The number of extra cases up to age 69 years is approximately double these values for women who use systemic HRT for 10 years compared with those who use HRT for 5 years

Risk of ovarian cancer

Long-term use of combined HRT or oestrogen-only HRT is associated with a small (ARI 1 / 1,000) increased risk of ovarian cancer.
This excess risk disappears within a few years of stopping HRT.

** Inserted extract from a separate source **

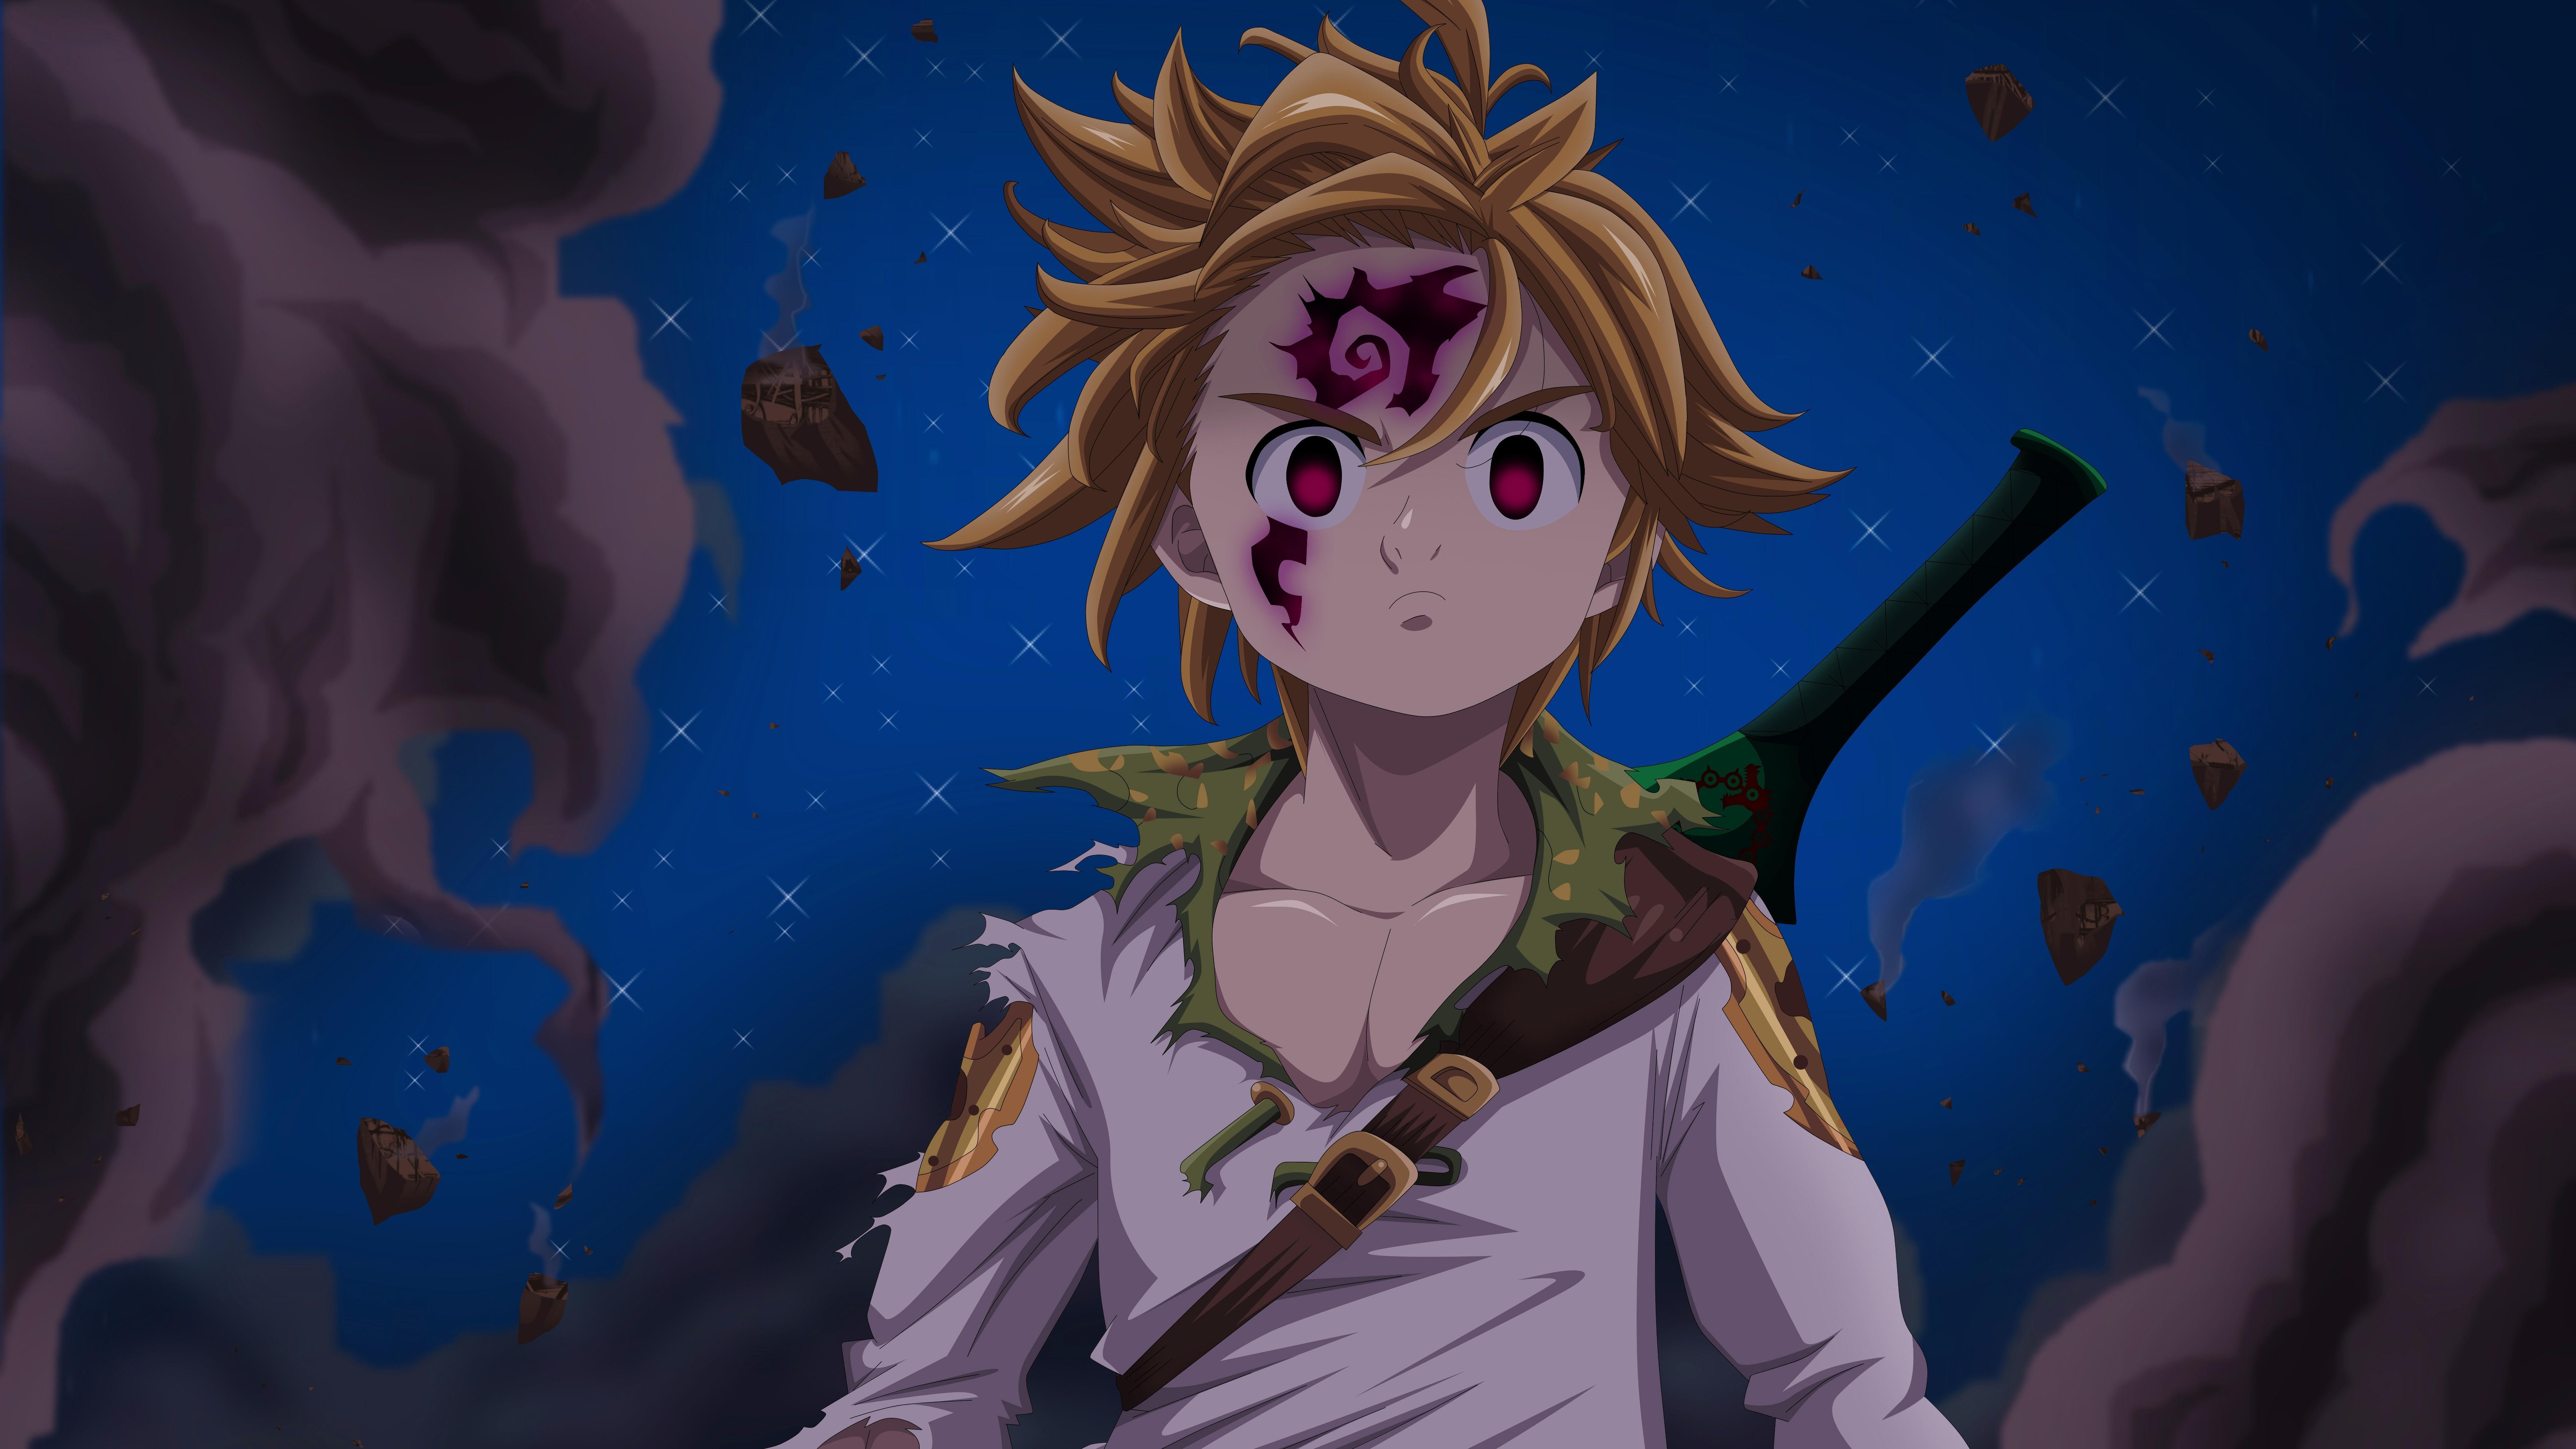 Meliodas From Demon The Seven Deadly Sins Macbook Pro Retina Wallpaper, HD Anime 4K Wallpaper, Image, Photo and Background

Risk of venous thromboembolism

Compared to oral oestrogen, transdermal oestrogen does not appear to increase the risk of VTE.
Avoid HRT in women with VTE risk factors: personal or family history of deep vein thrombosis or pulmonary embolism, severe varicose veins, obesity, trauma, or prolonged bed-rest.
Consider transdermal rather than oral HRT for menopausal women who are at increased risk of VTE, including those with a BMI over 30 kg/m2.
Combined HRT, used for five years, increases the risk of VTE by ARI 7 / 1,000 .
Micronised progeterone appears to be safest progestogen, but more data is needed.

Risk of Stroke

Oral (but not transdermal) oestrogen is associated with a small increase in the risk of stroke
Combined HRT or oestrogen-only HRT, used for five years, increases the risk of stroke by ARI 1 / 1,000

Risk of coronary heart disease

HRT does not prevent coronary heart disease and does not increase cardiovascular disease risk when started in women aged under 60 years.
There is an increased risk of coronary heart disease in women who start combined HRT more than 10 years after menopause.